Make of this what you will:
I have tornadoes inside me,
and they keep knocking into each other,
knocking the breath out of me,
knocking down crazily careening constructions
that I’ve been building for a while;
I guess they weren’t cemented enough in my belief.
And today, I saw what fading feels like.
I saw wind speeds slow down to a
storm that could fit in a snow-globe,
but I’m back to everything
being flung together
and apart
and just for a second,
laughter sounded like pebbles
in an empty jar,
clanking.

The winds are picking up again.

Priyanka Menon

“With #NaPoWriMo, I honestly didn’t think I’d be able to go through with it. I started out writing on the prompts Harnidh Kaur put out on Instagram. But then, I wanted to see if I could write without prompts and continue this every day for a month. So I ended up writing 2 poems a day, which basically meant 60 poems this April. Writing every day is very cathartic, to be honest. You may not always end up writing about your day, but the sound of your fingers scuttling across the keyboard is very satisfying, perhaps even therapeutic. Being a romance writer, writing poetry offers me a different outlet. So this month has actually helped me focus better on my manuscript. I just have three days and six poems to go. Hopefully, I’ll be able to finish on a high.”

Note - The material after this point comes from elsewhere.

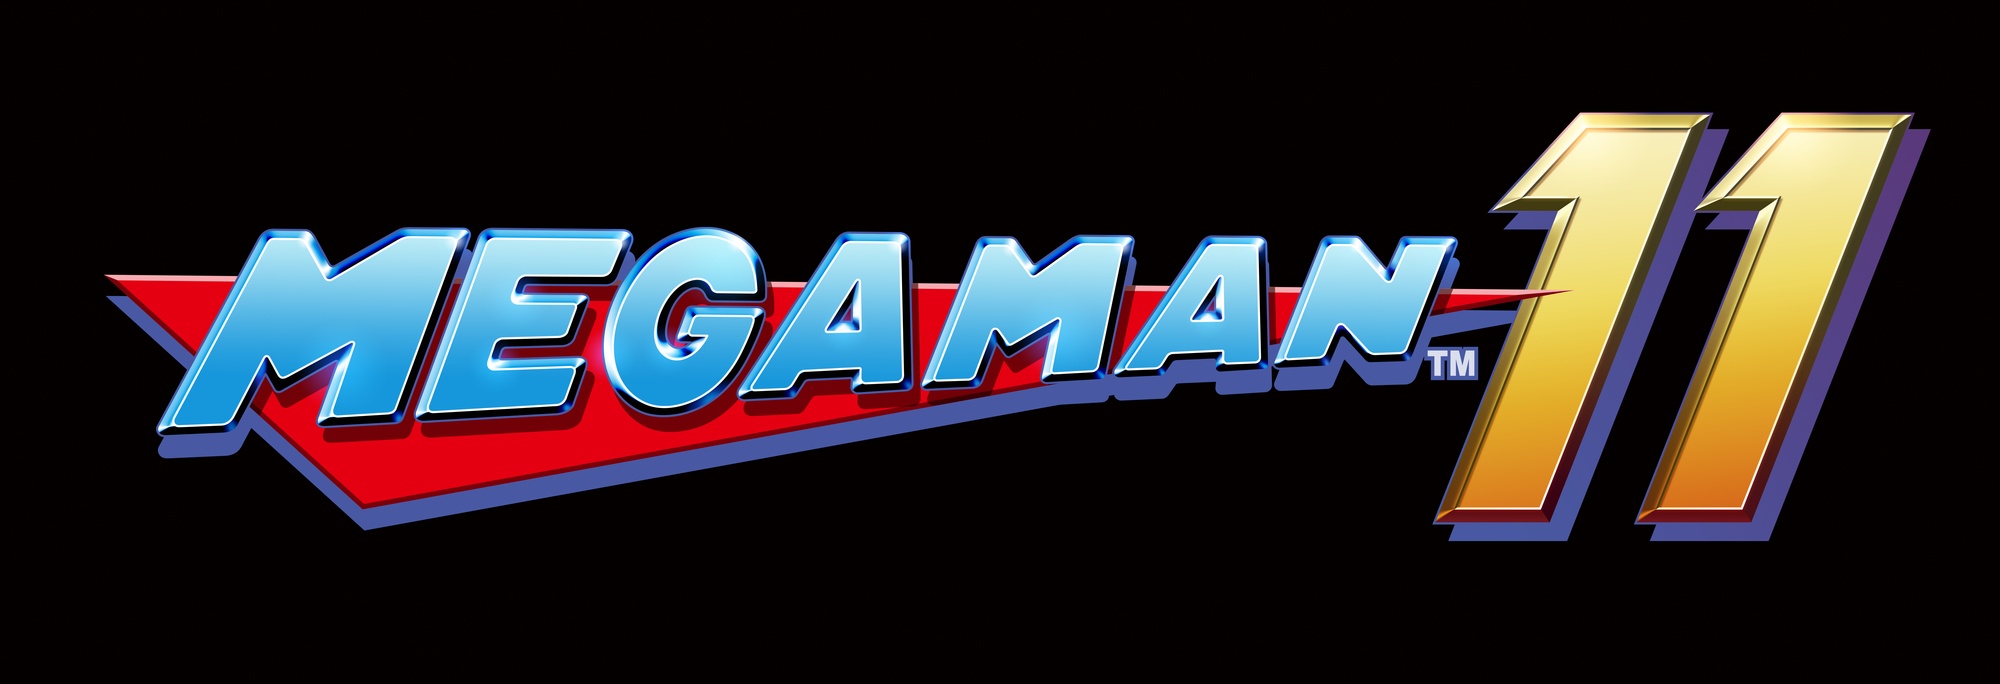 MegaMan11_logo
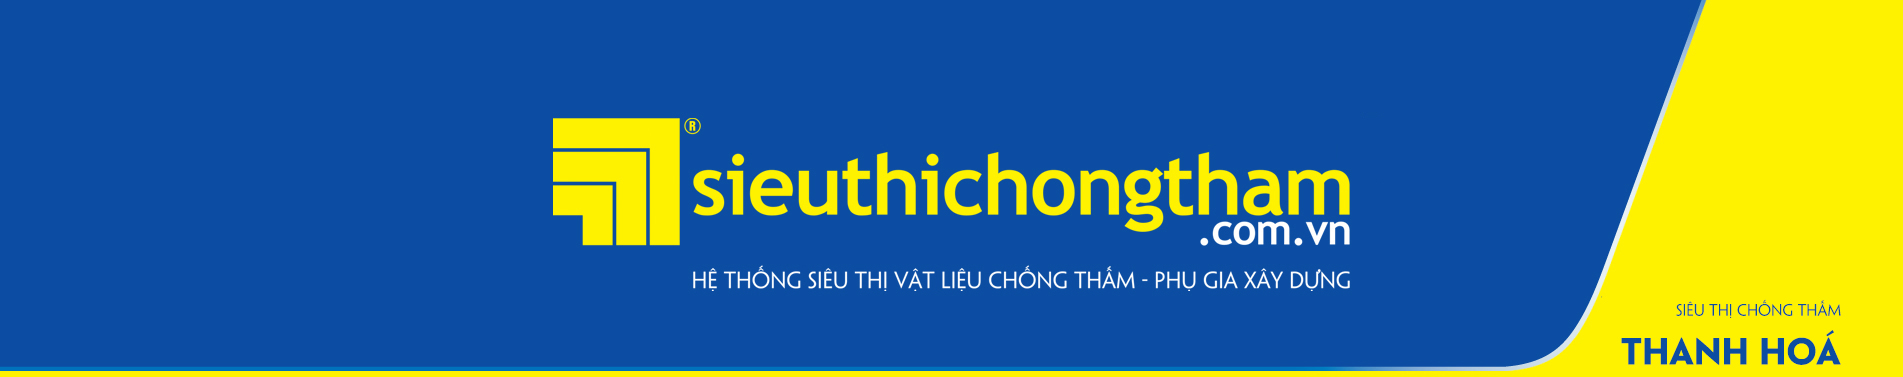 Sieu Thi Chong Tham Thanh Hoa 1

i spilled a little bit of myself on to your pillow
tonight. you’re familiar with her.
besides being a part of me, she is you.
a part of you; that i found hidden
in the space between the drawers you and i share.
that little door that houses toothbrushes, combs, and lingerie –

extras we take for granted, believing we’ll
never run out of them. in this space, lies
an infinity we are familiar with. it’s led us
to where we are today, years later,
holding onto each other,
pouring ourselves into each other,
filling closet spaces with each other’s things-
your watches and belts, my jhumkis and juttis.
until eventually, we had to build another one
for the memories we made when went shopping for them.

so now, you know who she is exactly.
she is the girl who shares a home with you.